◆ Exercise requirements: From the first line to the last, return the data exactly, with no pictures.

◆ Dataset extract:
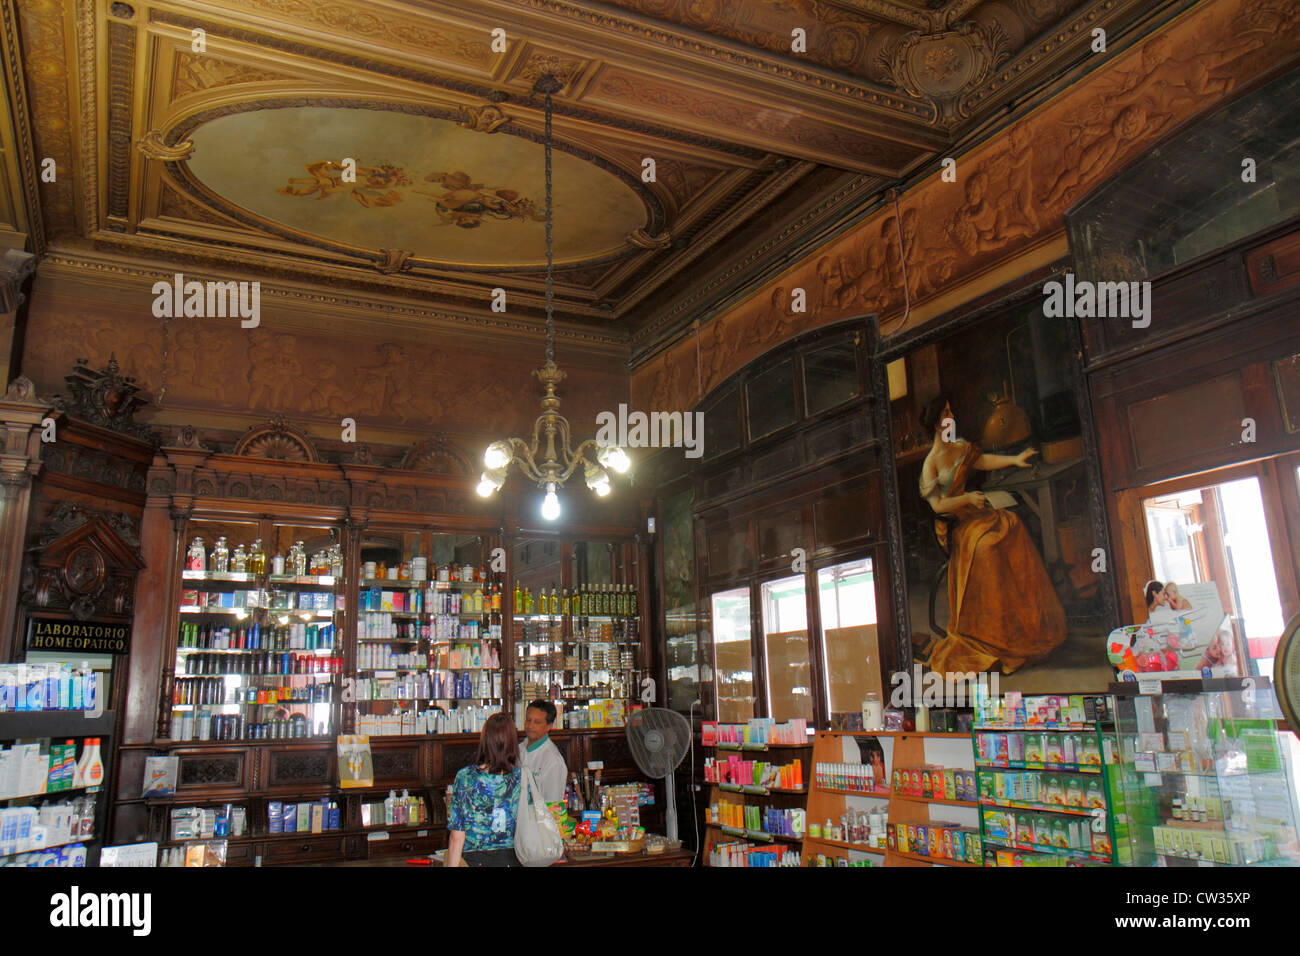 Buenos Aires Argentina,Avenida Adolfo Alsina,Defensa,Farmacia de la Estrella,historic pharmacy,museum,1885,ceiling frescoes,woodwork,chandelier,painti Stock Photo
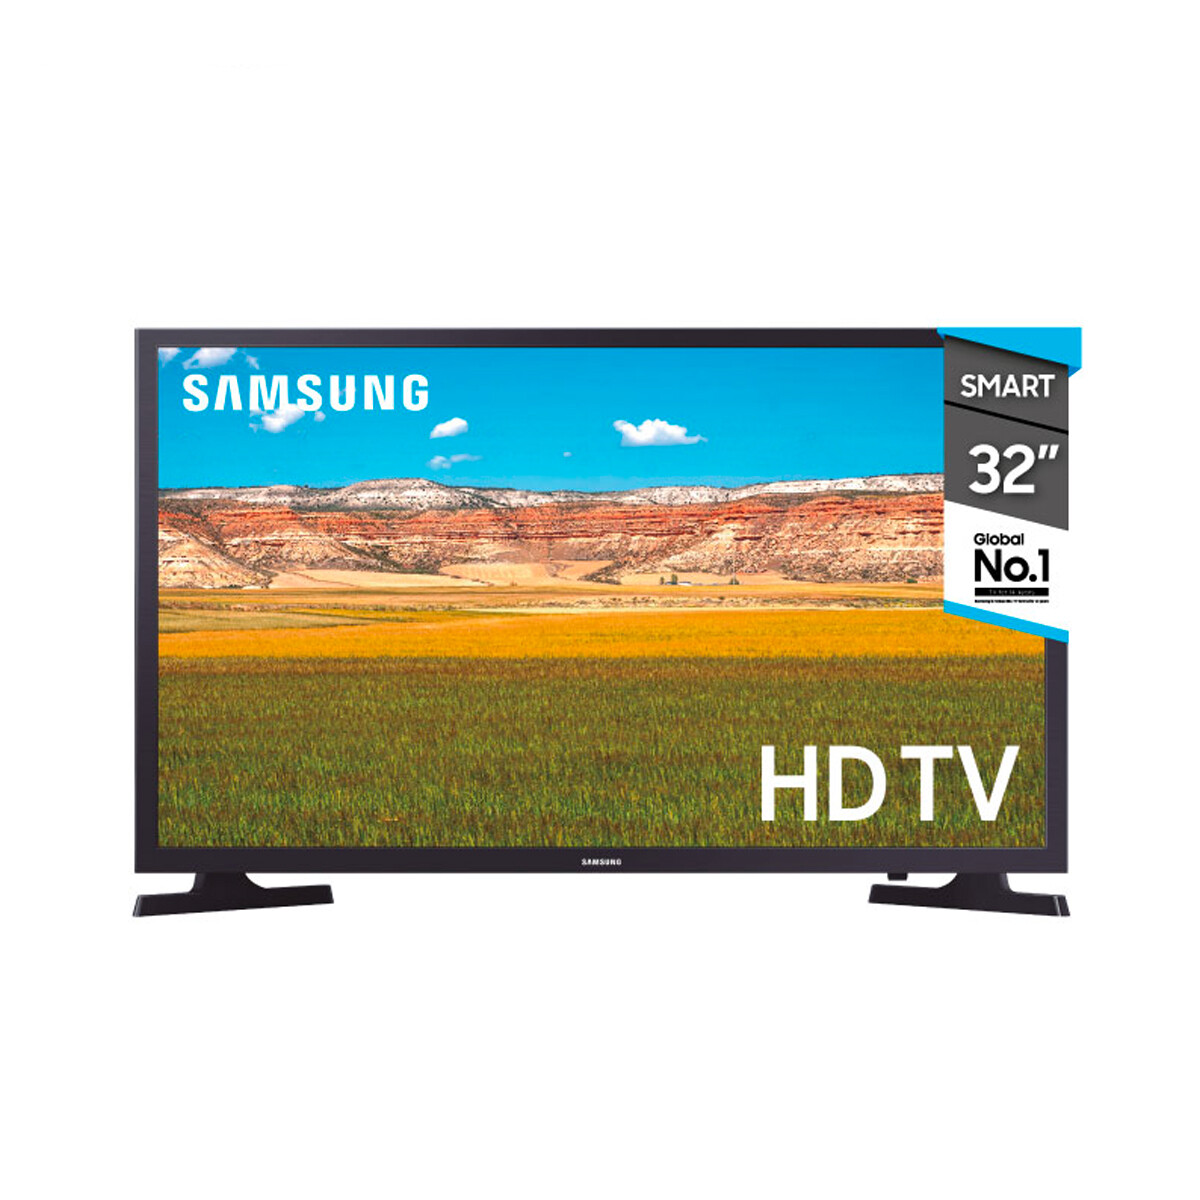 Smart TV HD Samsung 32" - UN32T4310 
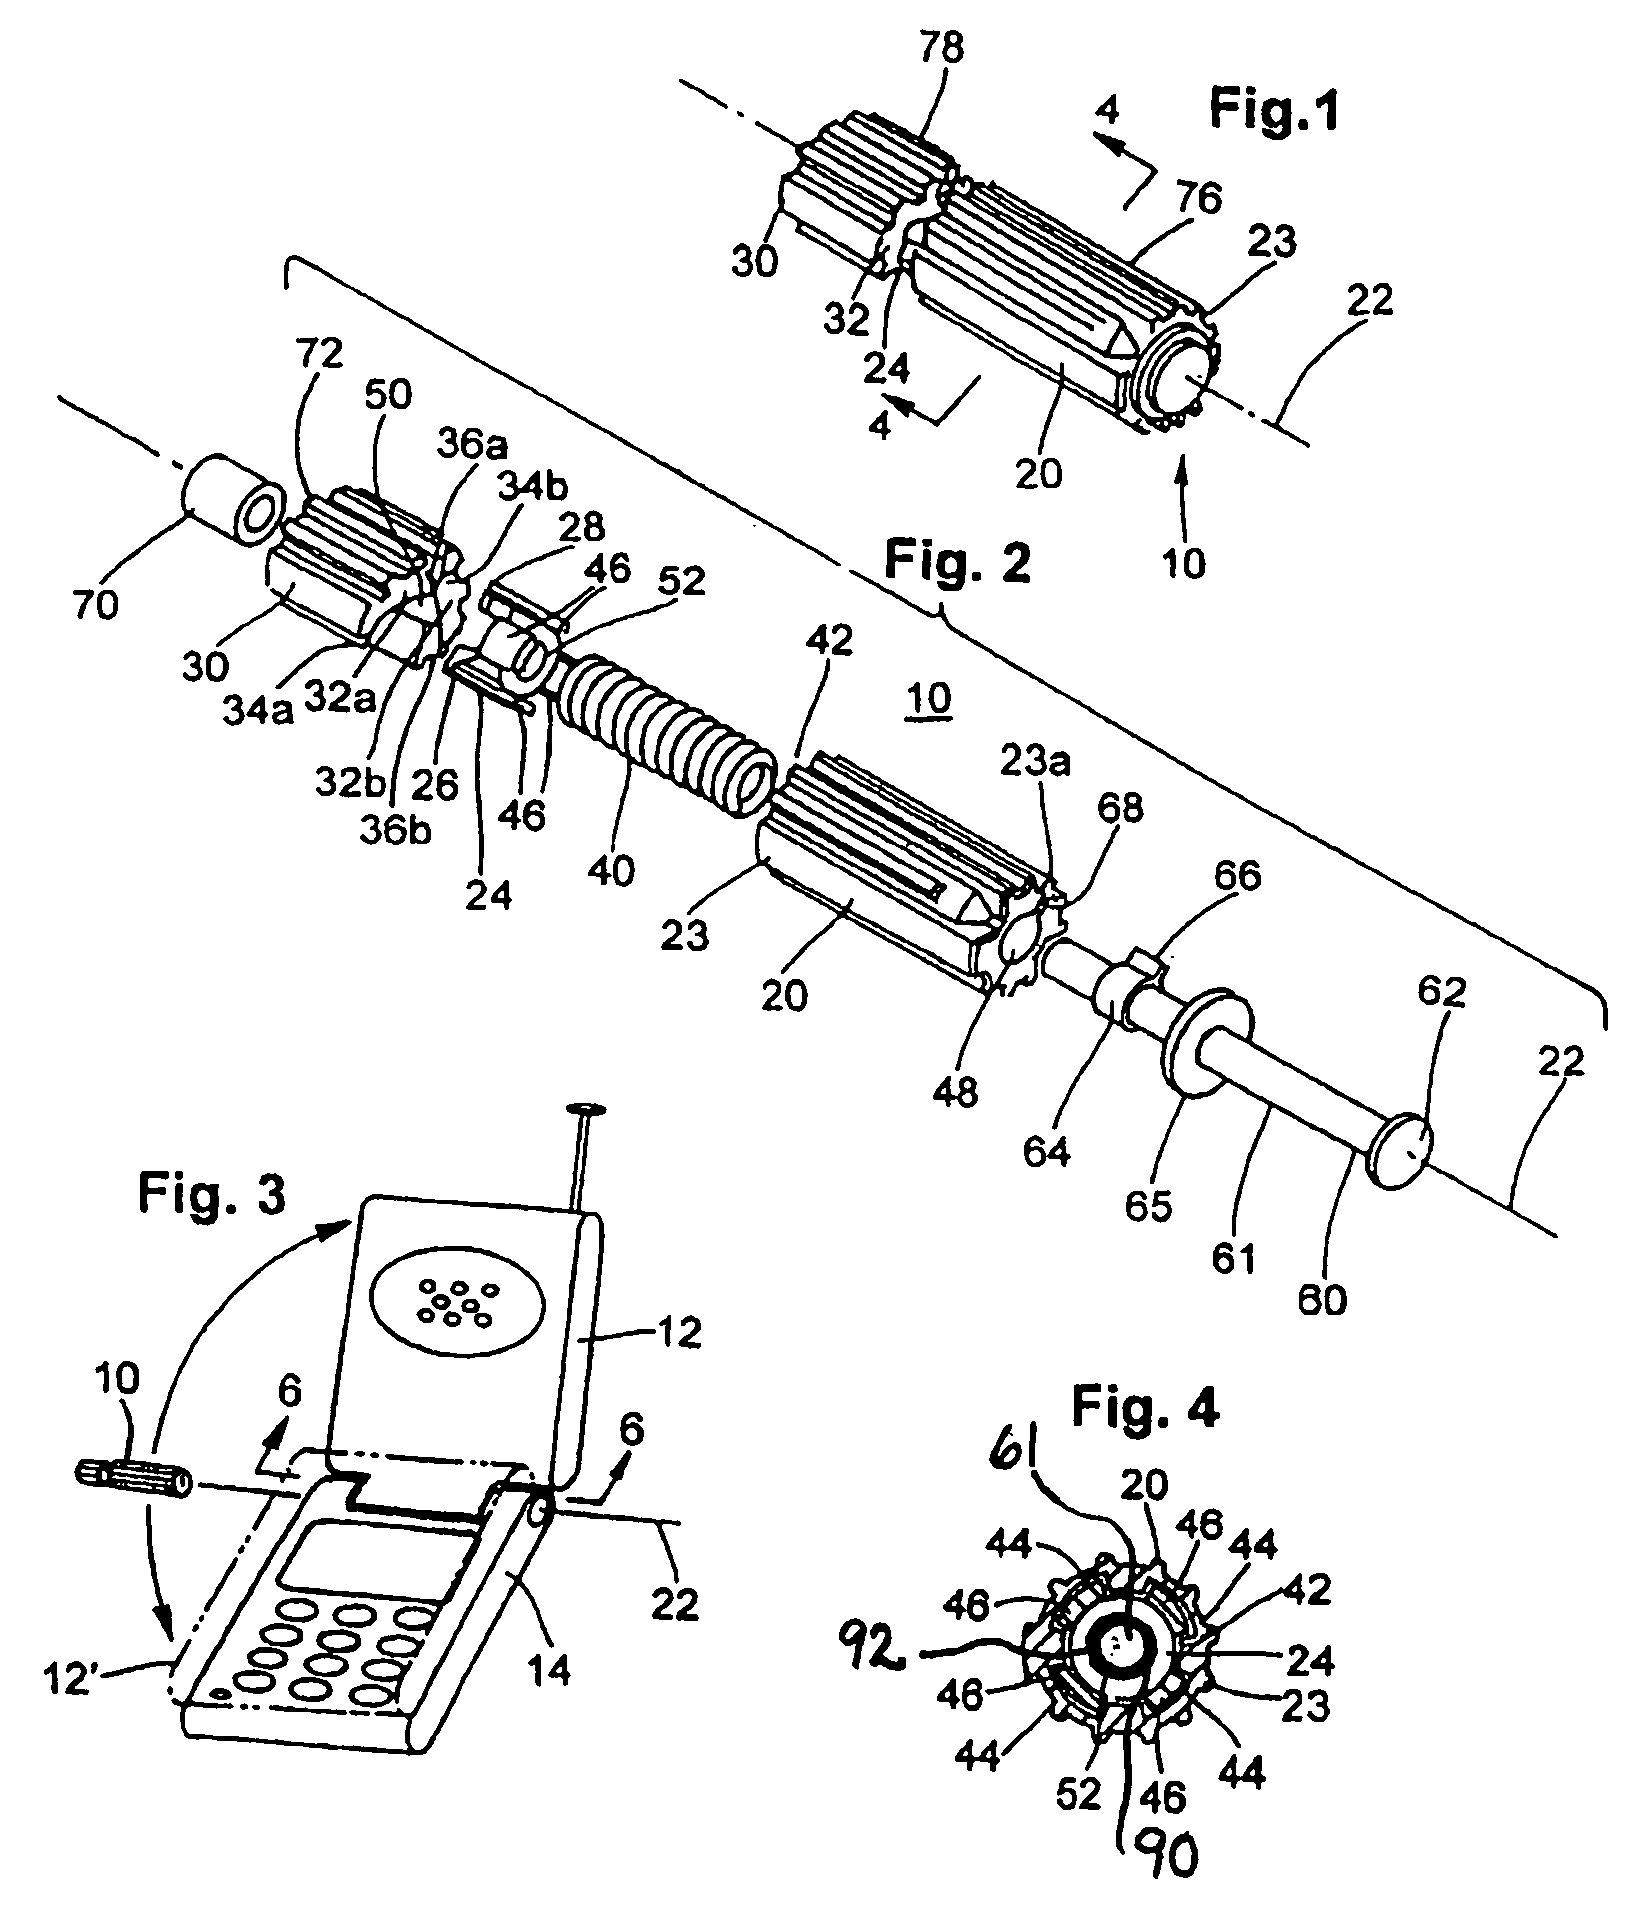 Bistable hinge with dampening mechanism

◆ Answer space:
 Buenos Aires Argentina,Avenida Adolfo Alsina,Defensa,Farmacia de la Estrella,historic pharmacy,museum,1885,ceiling frescoes,woodwork,chandelier,painti Stock Photo
 Smart TV HD Samsung 32" - UN32T4310 
 Bistable hinge with dampening mechanism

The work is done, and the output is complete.